Some googling around appears to suggest that these errors might be caused by the Validation Configuration tool wanting to confirm the setup for a new feature Windows Hyper-V called “Storage Spaces”, and that this maybe a misleading error in the cluster validation wizard. Given that message explicitly references speaking to your storage administrator (that’s me, and what do I know?!?) or your “storage vendor”, I contacted my friends in Nashua, New Hampshire in the Dell Equallogics business unit.

I worked very closely with Dell Equallogics – who were incredibly patient and incredibly helpful. Words fail me (which is know is unusual for me!) but without their help I wouldn’t have got very far. With their assistance I was able to do firmware updates to their latest and greatest 6.0.6 code. This didn’t resolve the problem with the “Preview” release of Windows Hyper-V R2. My problems with storage didn’t end until two weeks ago when the RTM version of Windows Hyper-V R2 finally shipped.

Conclusion:

The best I could come up with was this result for a test – using the default complete test.

As we saw earlier the “warning” comes from the validator not understanding the fact I’m using Microsoft Teamed NICs, and the failure comes from it trying to validate the boot disk, and find it unsuitable.

I do understand the point of these validation tools, and in the main I approve of them. Although you have to wonder how complicated a piece of software has to be to justify for a vendor having to write another piece software to check that all the pre-requisites have been met. But what really irks me is a validation tool that doesn’t really understand what it is validating. That creates false concerns where none should exist. With that said, the validator did pick up on some misconfigurations that were of my own making, and for that I am moderately grateful.

Occasionally, I’ve debated with folks about the rights and wrongs of these sorts of validation tools. Those in favour often use the analogy of the validation that Big Pharma and Airline industries go through to confirm their work is good. I see the analogy, but I’m not sure that the software industry needs or desires the level validation – that requires 10 years to develop a new drug or an airplane. Even with these levels of due diligence in the production process – mistakes still take place – as with the batteries on the new Boeing Dreamliner or contraception pills that contain placebo. In my view software should be so easy to setup you don’t need validation tools. The requirements should be clear and easy to meet – and the validation should be triggered only if you don’t meet those.  Your environment can and does change – so you should get alerts if the cluster loses its integrity – say if you have a NIC failure or the storage doesn’t mount correctly.

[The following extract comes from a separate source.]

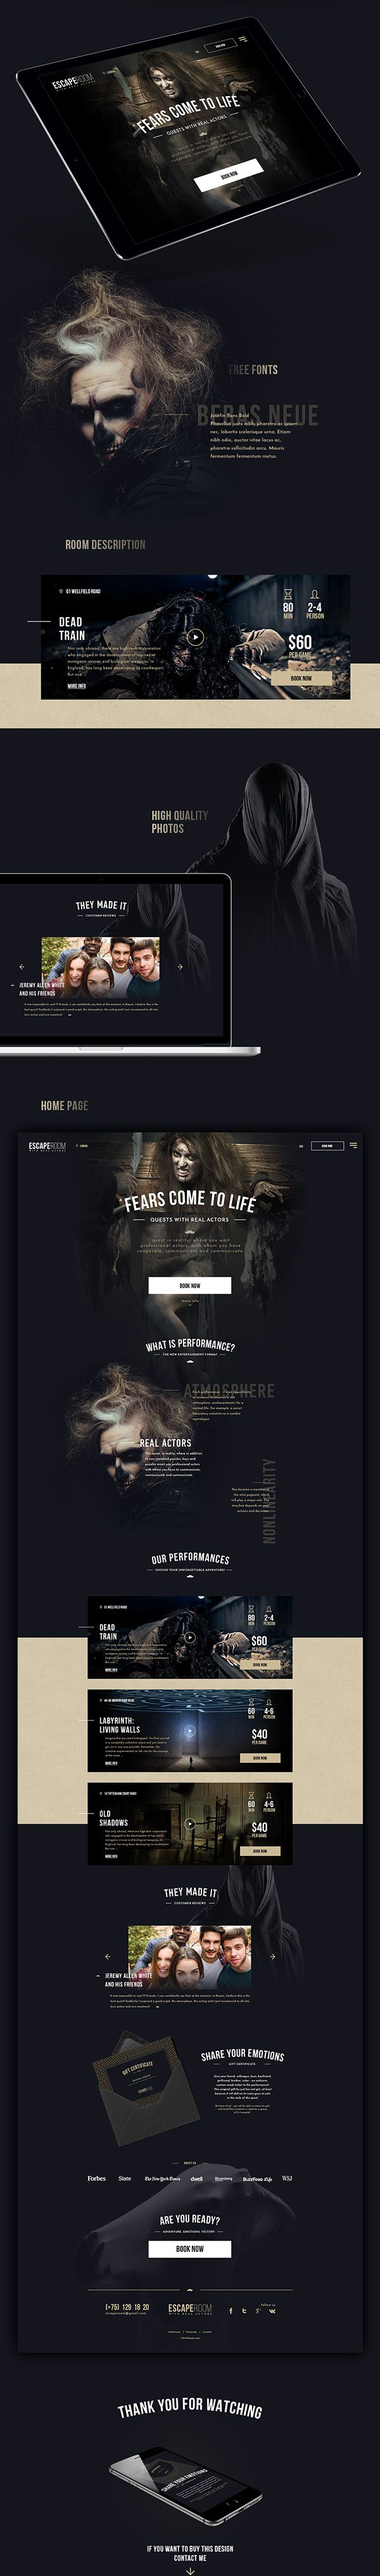 Escape room. Webdesign / website.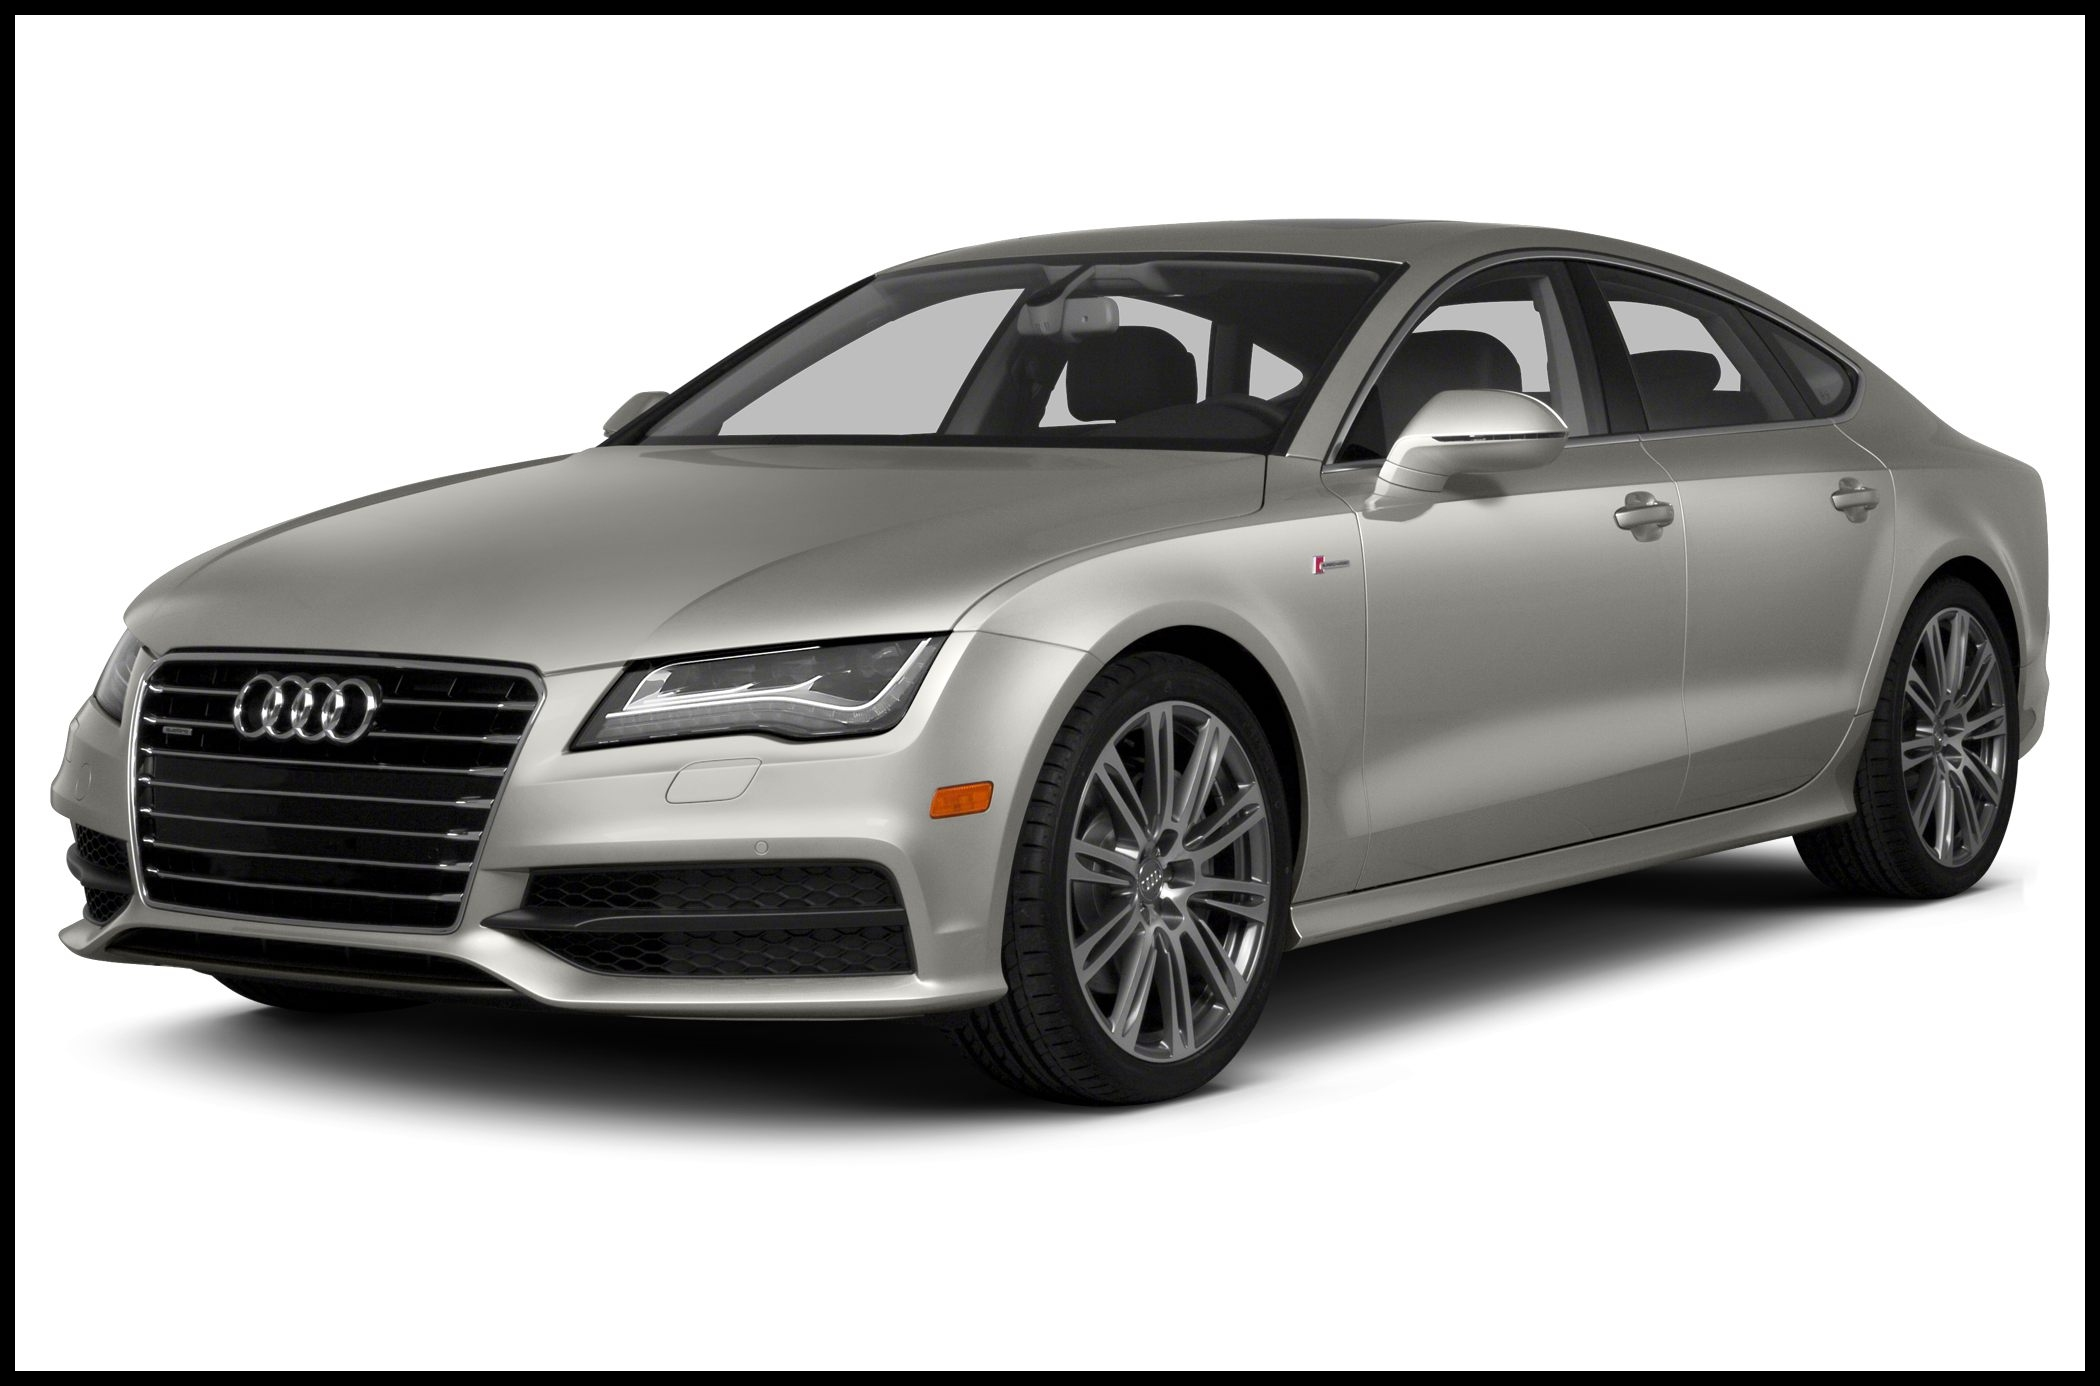 2013 Audi A7 Prestige Vs Premium Plus >> 2013 Audi A7 Prestige Vs Premium Plus The Best Choice Car

By now it was 3.50pm in the afternoon (in reality it took me weeks to get this far, but that’s more indicative of how busy I am with other work), and I had some 16 validation reports located in the /temp directories – each one was associated with me making configuration changes to get a green tick next every category. It was time to bite the bullet and actually try creating my first failover cluster for Windows Hyper-V, and that as they say that is another story….

I must admit I’m really grateful that I don’t have an existing Windows Server 2012 Hyper-V SP1 cluster that I’m trying to migrate to the R2 Preview – the process looks horrendous, and something you just wouldn’t have to do with a VMware HA/DRS cluster.